> [Work request]
Below are some records. Write out exactly their lines from the one with "Carte de randonnée" through the one with "Beautiful Hummingbird Anniversary", and leave the pictures behind.

[[ Supplied data, beginning ]]

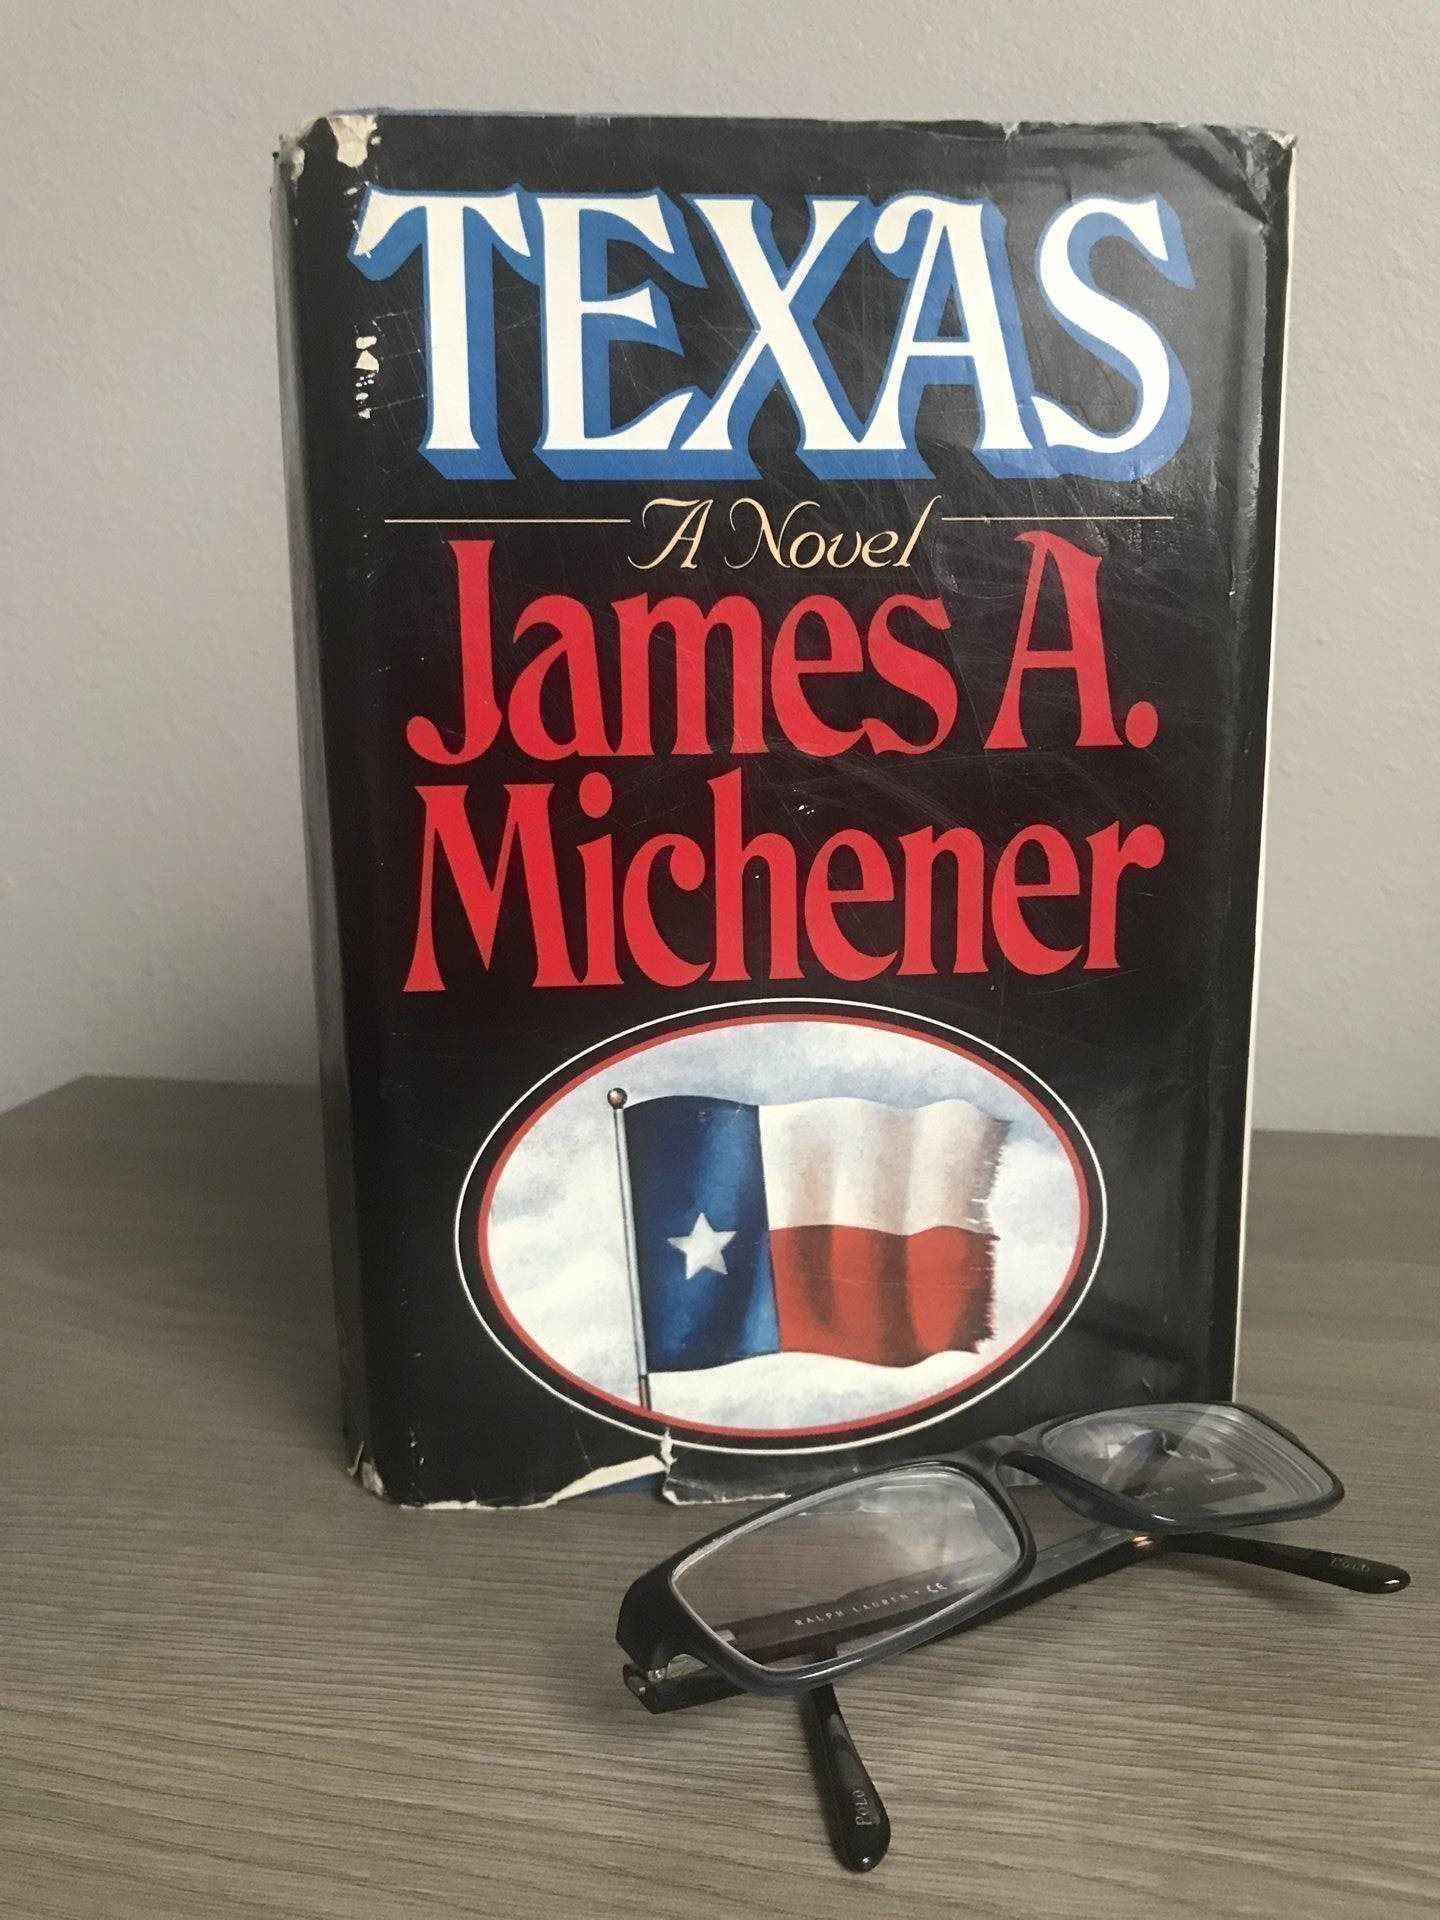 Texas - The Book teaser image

[[ Supplied data, end ]]
[[ Supplied data, beginning ]]

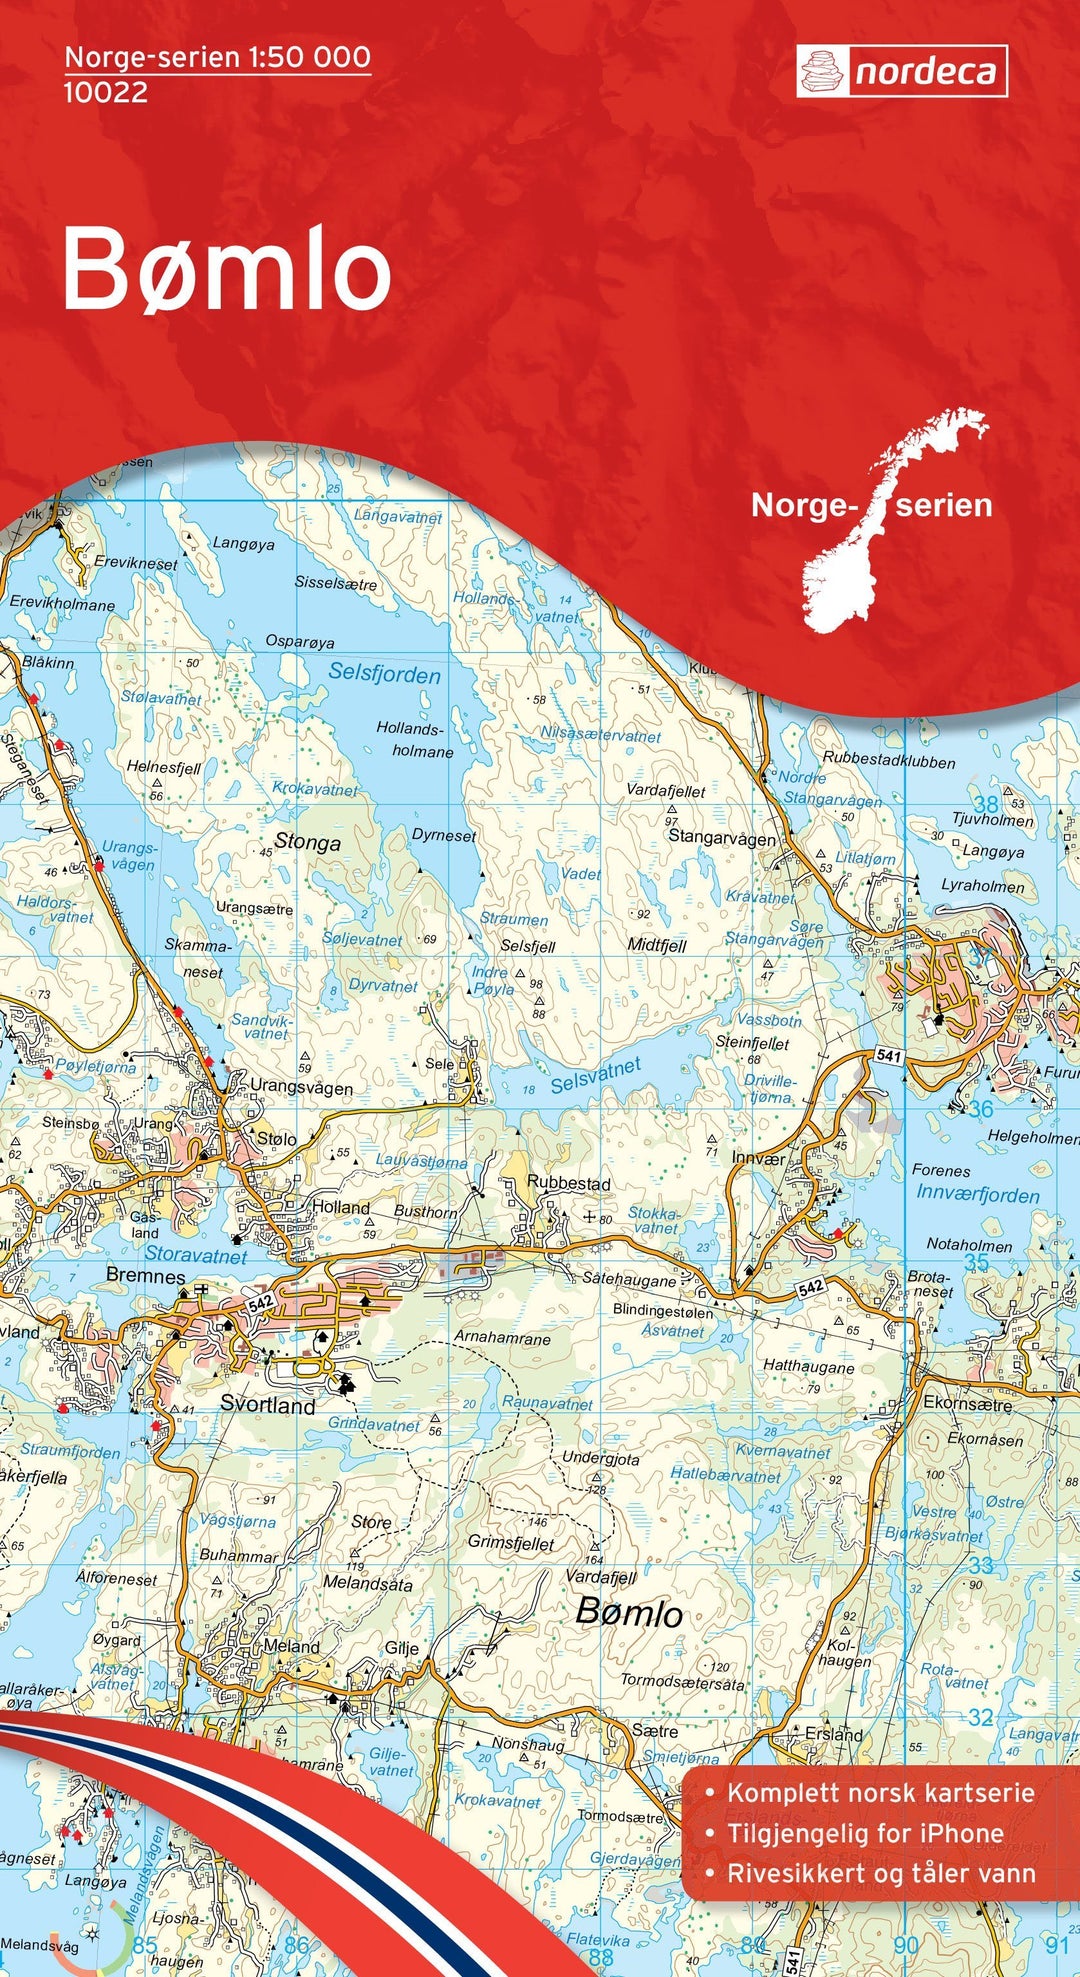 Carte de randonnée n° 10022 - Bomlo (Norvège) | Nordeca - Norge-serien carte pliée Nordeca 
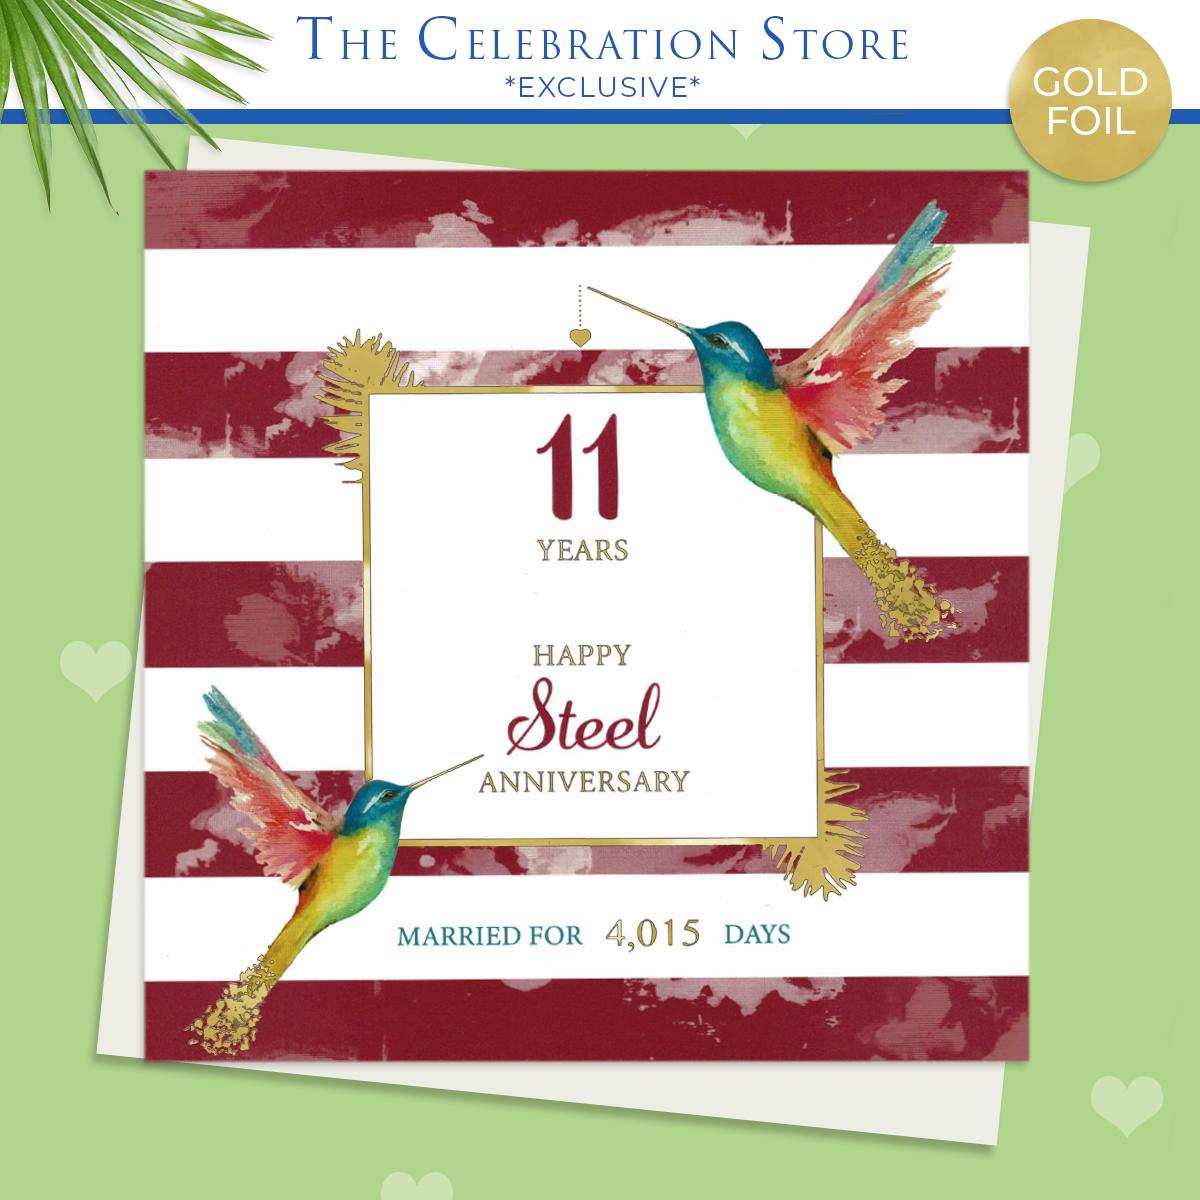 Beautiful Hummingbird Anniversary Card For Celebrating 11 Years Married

[[ Supplied data, end ]]
[[ Supplied data, beginning ]]

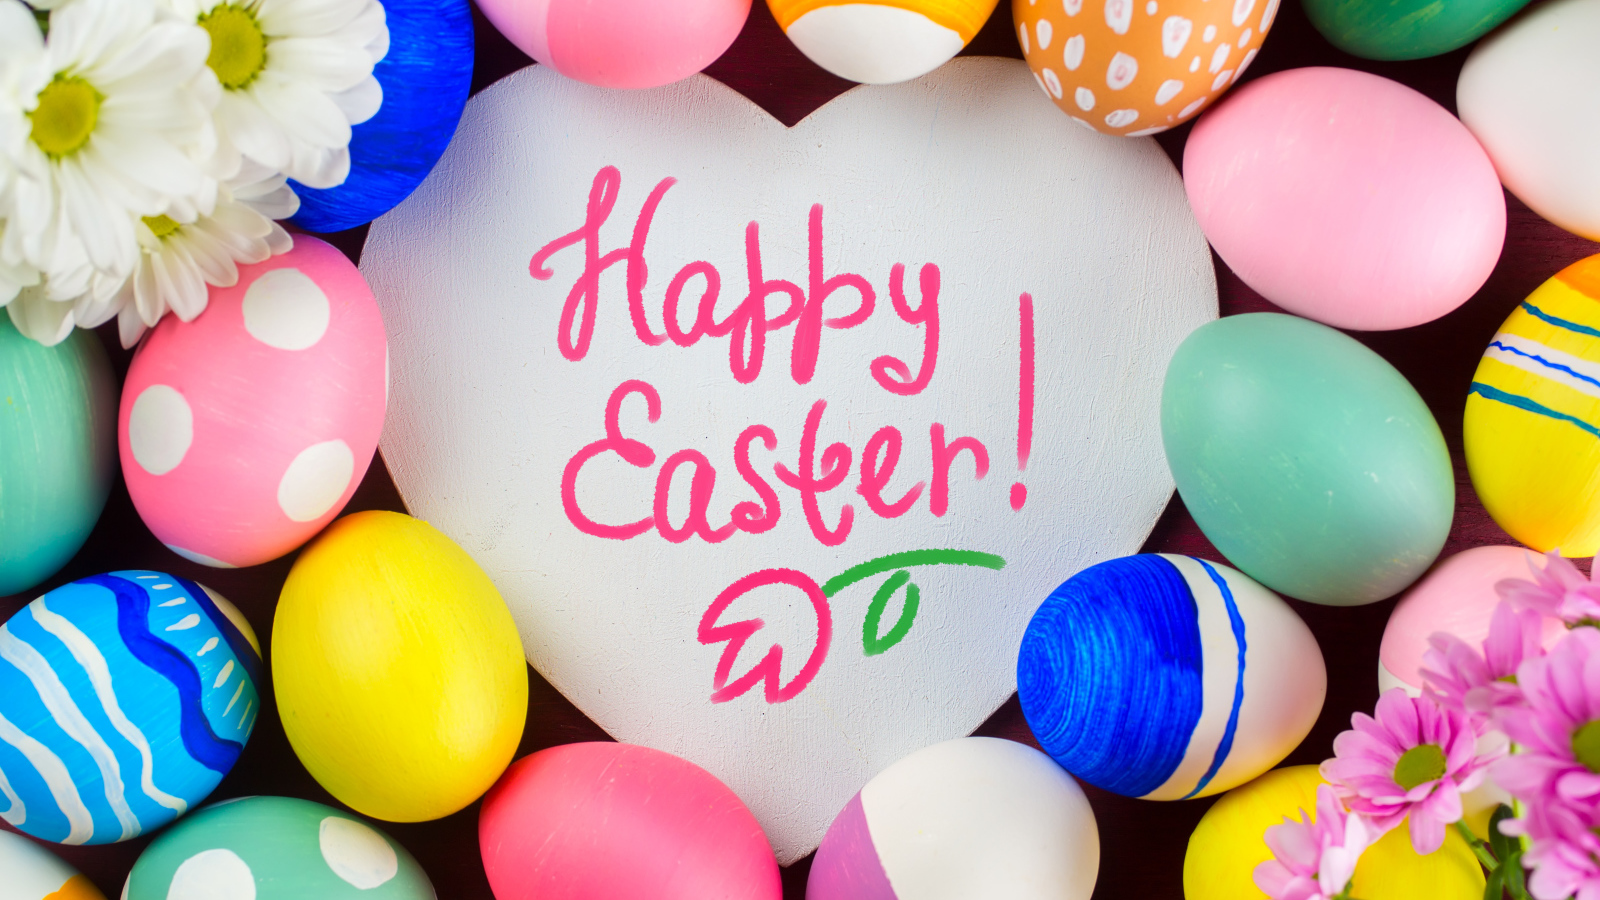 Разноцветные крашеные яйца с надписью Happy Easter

[[ Supplied data, end ]]

> [Exercise result]
 Carte de randonnée n° 10022 - Bomlo (Norvège) | Nordeca - Norge-serien carte pliée Nordeca 
 Beautiful Hummingbird Anniversary Card For Celebrating 11 Years Married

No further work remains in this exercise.